Johnathan Swift's 'Gulliver's Travels' and George Orwell's 'Animal Farm' are two better known examples of the satire (both political allegories. Although Orwell's novel '1984' was futuristic, it is not really a science fiction story but rather a cautionary tale. It is probably too serious in tone to be considered a satire).
If you want a shorter work, take Swift's essay "A Modest Proposal" (available on 'project gutenberg') as a source of study. Written actually about a century before the potato famine in Ireland, it proposes cooking and eating children, even offering some tips to diversify the dish!
A modern example of satire would be the Harry Potter series in children's literature, which, among other things, makes mirth at the expense of the British educational system, particularly boarding schools for very young children. This is not the primary intention of the book, but the reader can get some good laughs just the same.

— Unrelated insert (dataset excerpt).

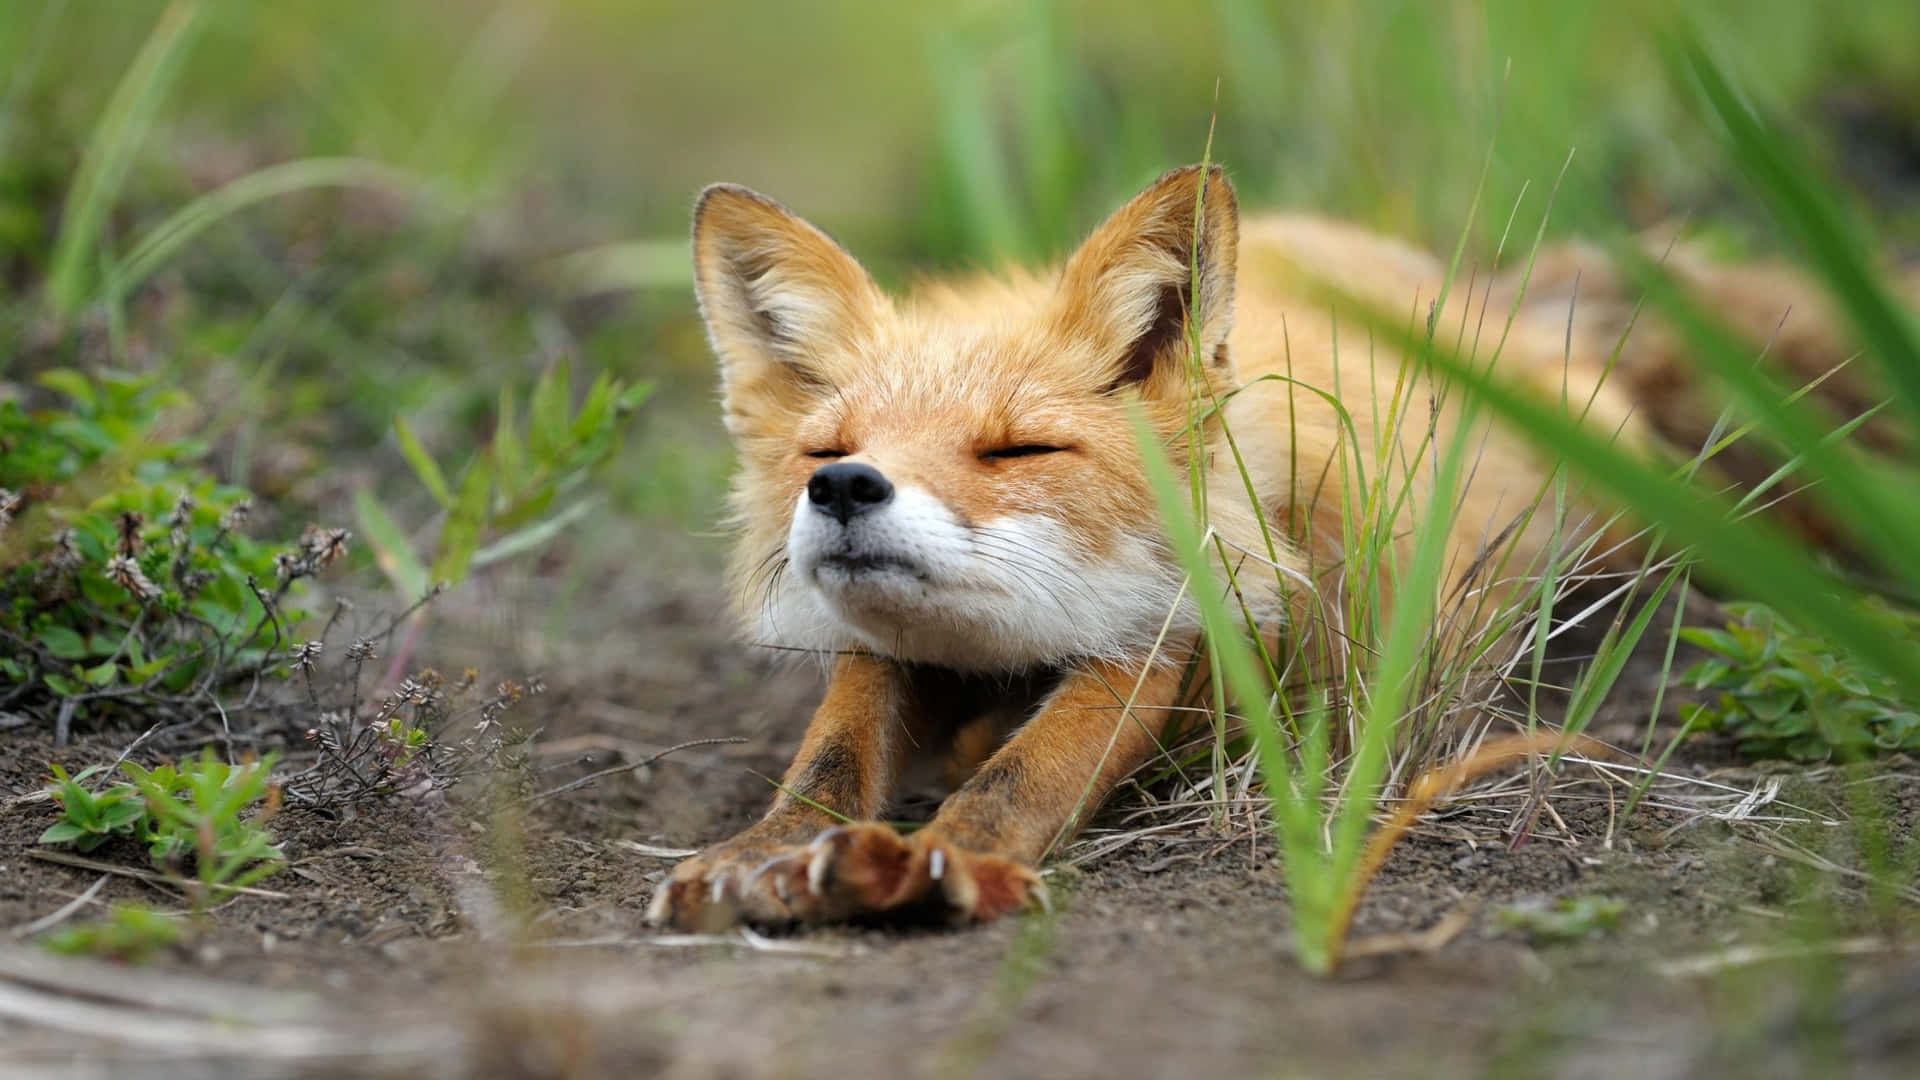 Look at this adorable fox!

In French literature, Rabelais's fantasy novels 'Pantagruel' and 'Gargantua' (1532 and 1534) were also political jabs at how the state and church had depleted the resources of the people. (Similar to parts of Swift's 'Gulliver's Travels.') Both works were censured for a while (of course, adding to their public appeal!) as being too provocative.
In poetry, "Dover Bitch" is a spoof of Matthew Arnold's serious poem "Dover Beach." (A satire which assumes the same form of the work it is mocking is called a parody.) "The Ten Commandments" of the Old Testament were 'rewritten' in an ironic way by the poem "The Last Decalogue.'
All these various literary genres are examples of satire.